We argued earlier that it is critical to understand the input dataset before specifying project objectives, particularly objectives related to accuracy. As a general rule, ML algorithms will produce the best results when there are large training datasets available. The more data is used to train them, the better they will perform.
Acquiring data is, therefore, a key step in the ML development life cycle—one that can be very time-consuming and fraught with difficulty. In certain industries, privacy legislation may cause a lack of availability of personal data, making it difficult to create personalized products or requiring anonymization of source data before it can be used. Some datasets may be available but could require such extensive preparation or even manual labeling that it may put the project timeline or budget under stress.
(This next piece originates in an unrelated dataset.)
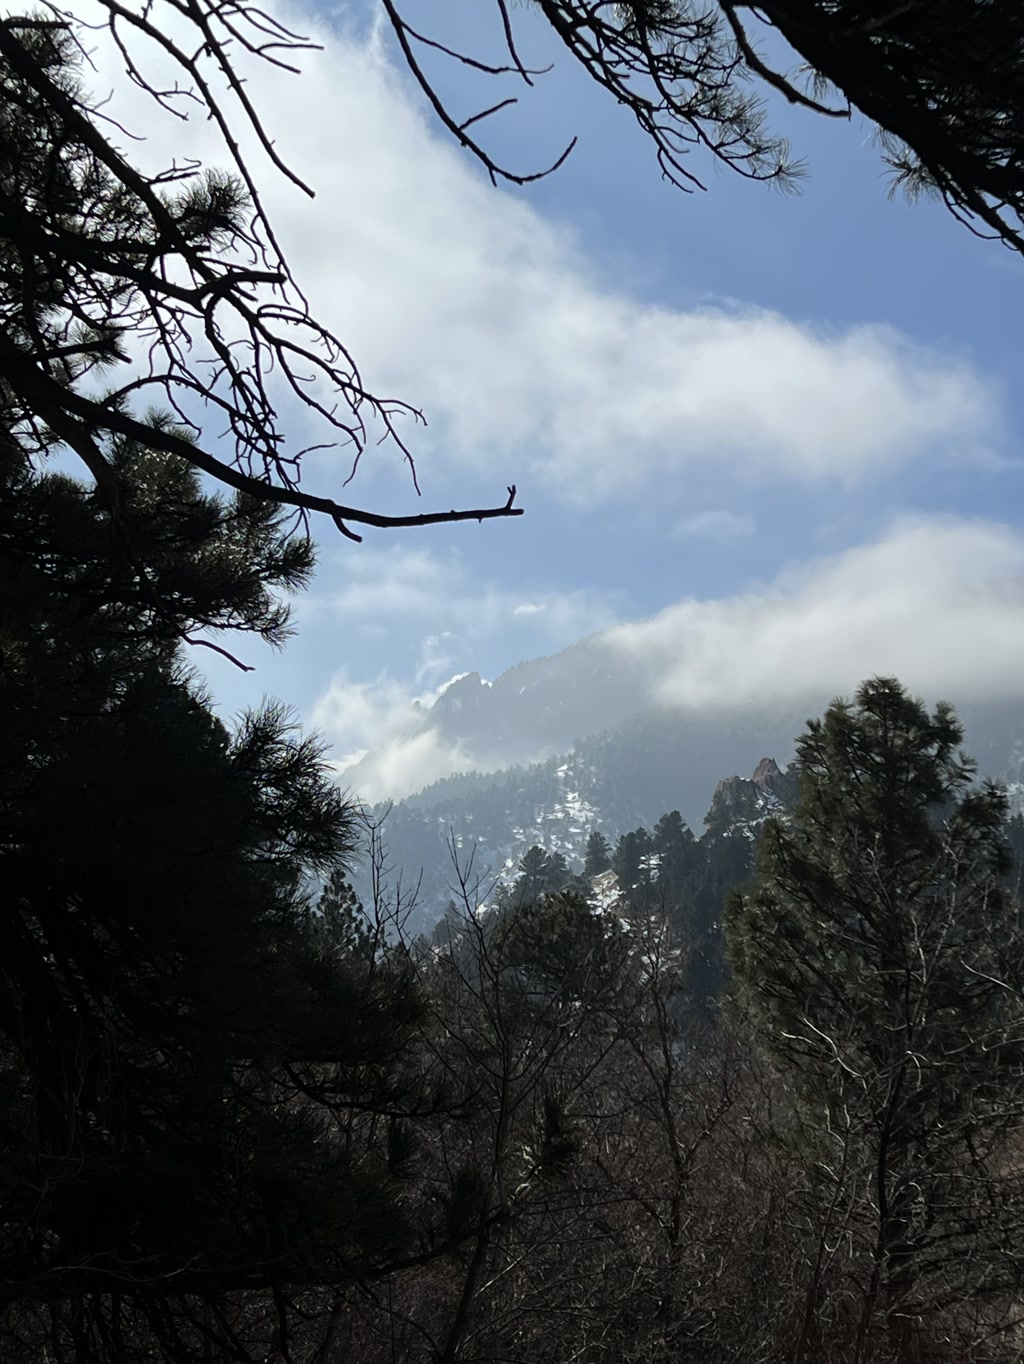 A scenic view through a foreground of dark silhouetted branches of pine trees, overlooking a backdrop of a mountain range partially obscured by a low layer of clouds or mist. The mountain peaks are covered in snow, offering a contrast to the evergreen trees dotting the slopes. The sky is bright with patches of blue and scattered white clouds, suggesting a cool or cold but relatively clear day.

Even if you do not have a proprietary dataset to apply to your problem, you may be able to find public datasets to use. Often, public datasets will have received attention from researchers, so you may find that the particular problem you are attempting to tackle has already been solved and the solution is open source. Some good sources of public datasets areas follows:
- Awesome datasets: https://github.com/awesomedata/awesome-public-datasets
- Skymind open datasets: https://skymind.ai/wiki/open-datasets
- OpenML: https://www.openml.org/
- Kaggle: https://www.kaggle.com/datasets
- UK Governments open data: https://data.gov.uk/
- US Governments open data: https://www.data.gov/
Once the dataset has been acquired, it should be explored to gain a basic understanding of how the different features (independent variables) may affect the desired output. For example, when attempting to predict correct height and weight from self-reported figures, researchers determined from initial exploration that older subjects were more likely to under-report obesity and therefore that age was thus a relevant feature when building their model. Attempting to build a model from all available data, even features that may not be relevant, can lead to longer training times in the best case, and can severely hamper accuracy in the worst case by introducing noise.
It is worth spending a bit more time to process and transform a dataset as this will improve the accuracy of the end result and maybe even the training time. All the code examples in this book include data processing and transformation.
In Chapter 2, Setting Up the ML Environment, we will see how to explore data using Go and an interactive browser-based tool called Jupyter.